Media were able to observe and report on each of the exhibits at the Jan. 13 bond hearing, which was "sufficient to satisfy the First Amendment," Berens wrote Tuesday. 

The public's right of access to judicial records is "neither a constitutional right nor an absolute right," but one left to the "sound discretion of the trial court," the magistrate wrote. 

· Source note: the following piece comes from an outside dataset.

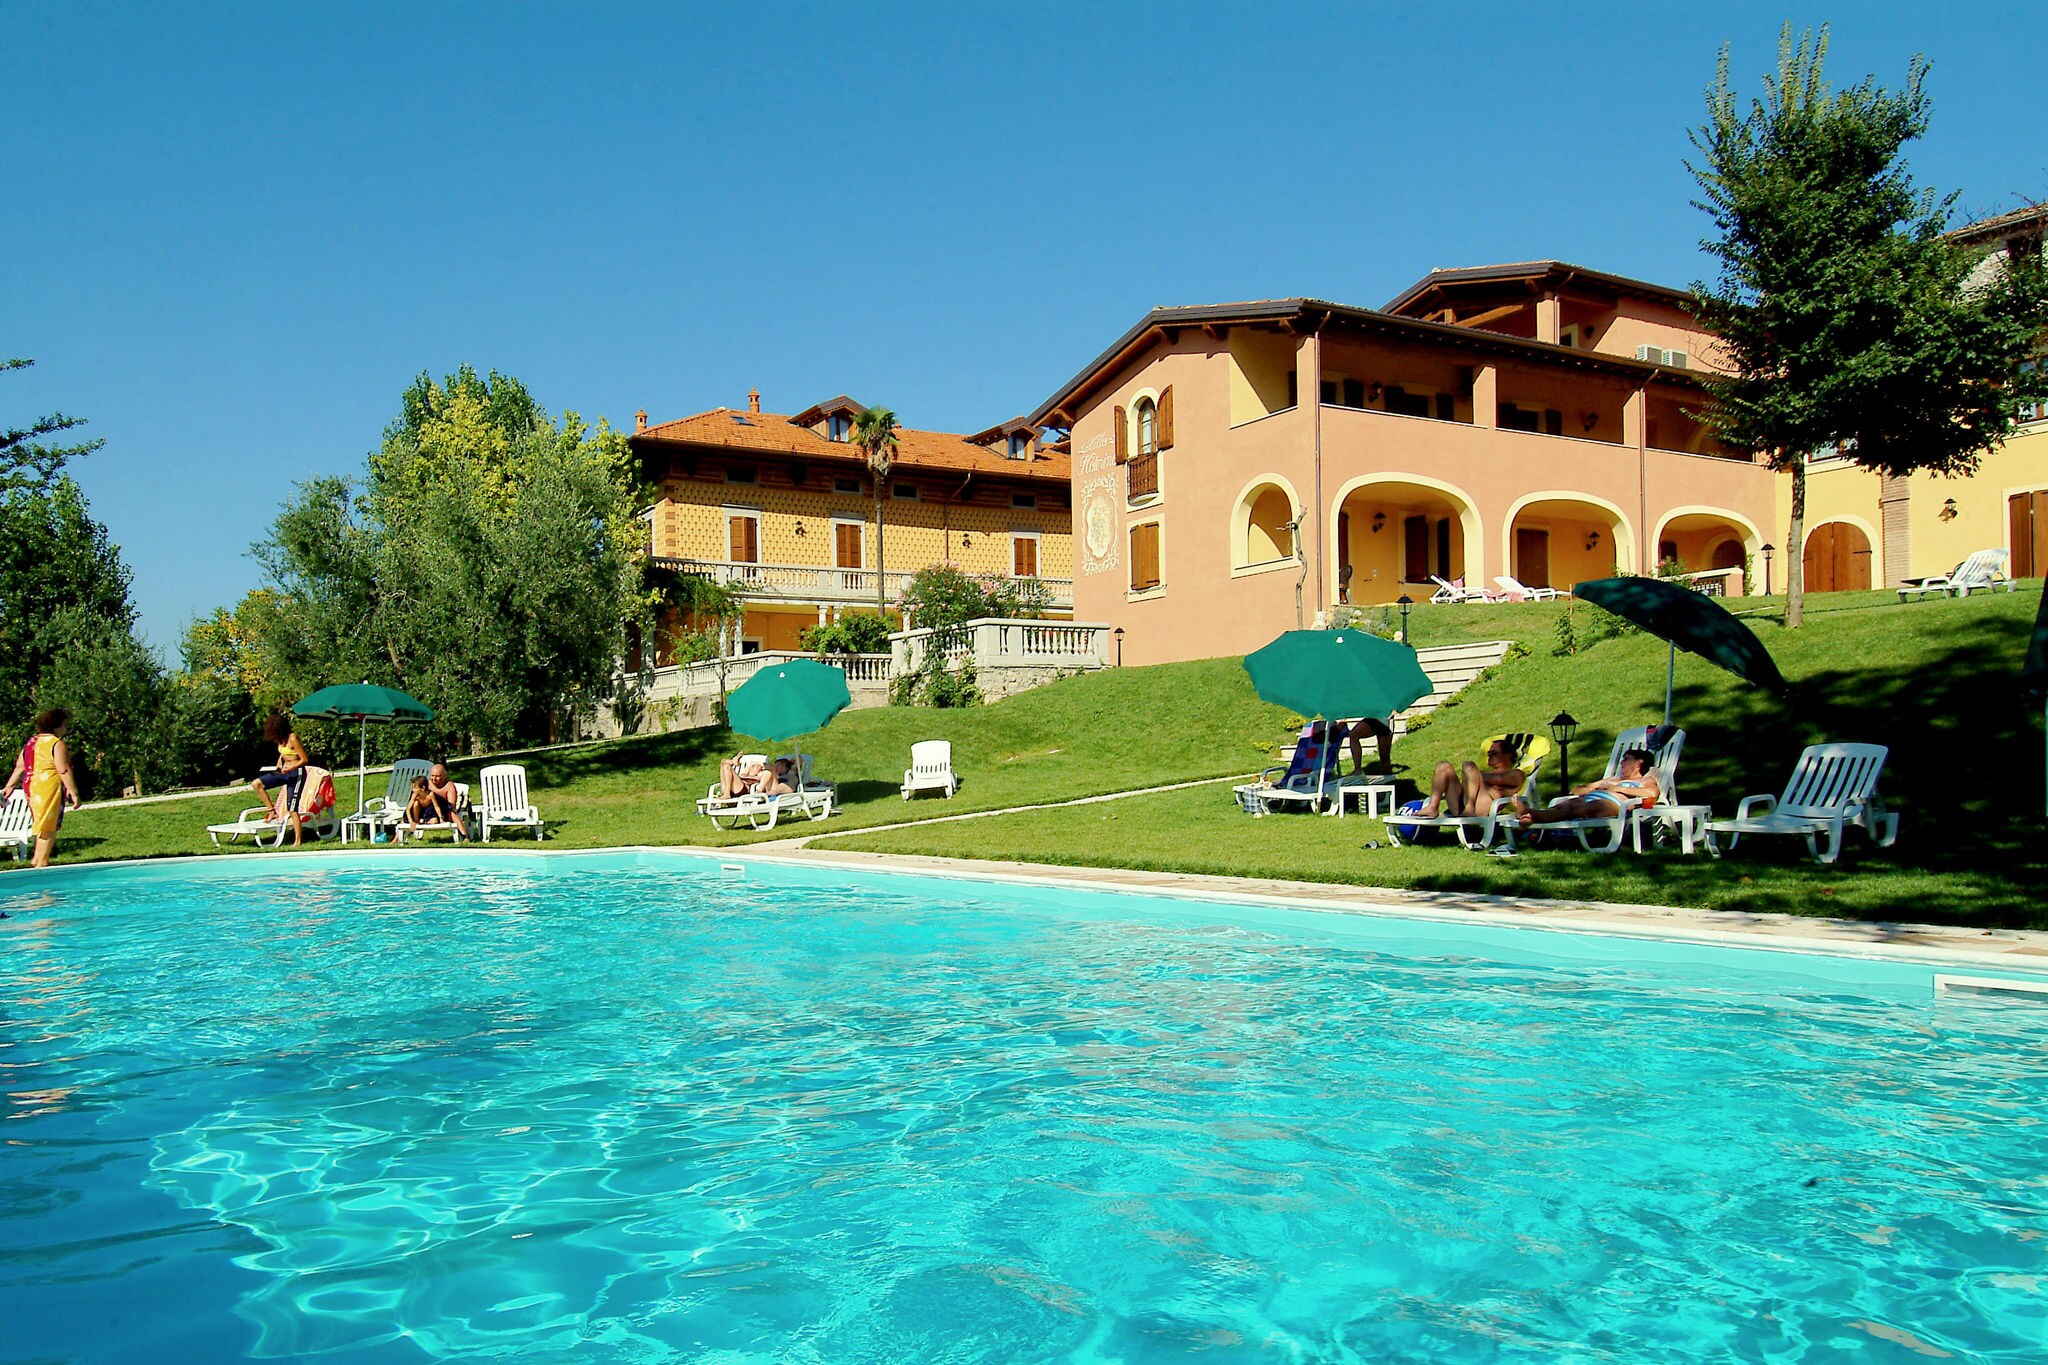 Ferienhaus in Manerba del Garda in der Nähe des Gardasees

"...The incremental risk to Defendant Croft's ability to secure a fair and impartial jury outweighs the modest burden to the common law right of public access in delaying the recordings' release until the trial of this matter," Berens ruled.

Barry Croft

Lawyers for news outlets, including Buzzfeed; The Detroit News; Scripps Media Inc., owner of WXYZ-TV (Channel 7); and the New York Times sought access to the exhibits on the argument that the public has the right to review them to understand why Croft was ordered held without bond pending trial.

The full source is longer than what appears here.